Working with documents

At this point you are ready to fill your application with metadata and files, through the upload feature: when pressing on the upload/download button, a dialog window is shown. Through it you can upload/download/preview a document.

The preview feature is supported according to the browser capabilities and the installed plugins on the browser: a PDF can be shown as long as a plugin like Acrobat Reader has been installed on the user machine and recognized by the browser.

ACL Management

The term Access Control List (ACL) stands for the ability for Platform to check out the allowed operations for a file, when it is stored in the directory linked to a document type through a panel.

For the combination "document type" + "directory" (where documents are stored) it is possible to define one or more roles, where for each role these operations are supported:

  • can view documents

  • can upload documents for the first time (insert)

  • can upload documents multiple times (update)

  • can delete documents uploaded previously (delete)

In this way, it is possible to restrict documents access not only through the standard features provided by Platform at grid/form level (filtering records, allowed CRUD operations) but also manage document CRUD operations specifically, using roles st directory level.

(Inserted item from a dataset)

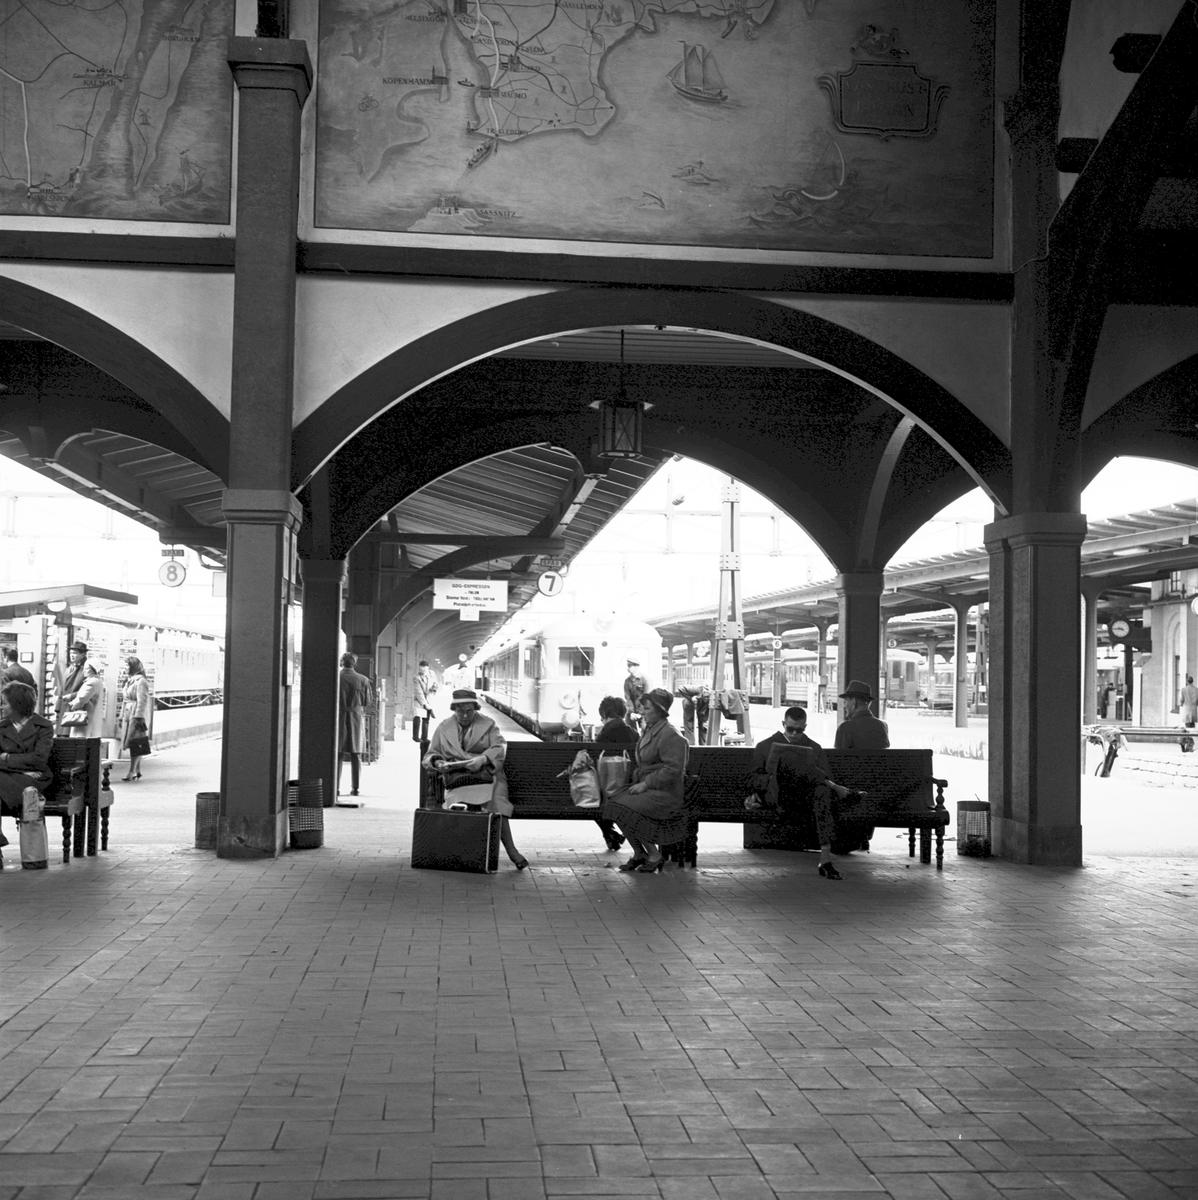 Mässa, Tåg 62. Firande av 100 år av västra stambanan 1862-1962. Göteborgs Centralstation

In order to do it, use the "Administration -> Permissions -> Roles -> CMS ACL List" button to show the document type ACL feature:

Bulk import

A very common scenario for a CMS is the bulk import of documents and metadata. Platform supports to alternative ways to import documents and metadata:

  • bulk import through a remote FTP server – representing the best approach for a cloud solution like 4Ws.Platform

  • bulk import from the server file system – in that case, documents should have been already moved to the local file system, so it is unlikely to followthis approach, more feasible for “on premise” installations of 4Ws.Platform

In any case, a csv file is required when importing multiple documents: the CSV file can have any field separator, like , (comma) or ; (semi-colon) The CSV file must respect the standard CSV forma t: files not respecting such a standard will generate errors. The CSV file must respect also the following constraints:

  • the first line must contain a list of column identifiers, used when importing data to correctly map values with the document metadata

  • one of the columns must be related to the filesto import: every row in the CSV must refer a file in the remote repository containing docmentsand csv

  • csv file and documents must be contained in the same are

It is not essential that the csv file contains all and only the metadata required by a document: the csv could contain many more data, not imported if not needed. The csv file could contain less datathan the ones required as metadata for a document: additional metadata not provided by the csv could be defined:

  • as default values (e.g. current user, current import date/time)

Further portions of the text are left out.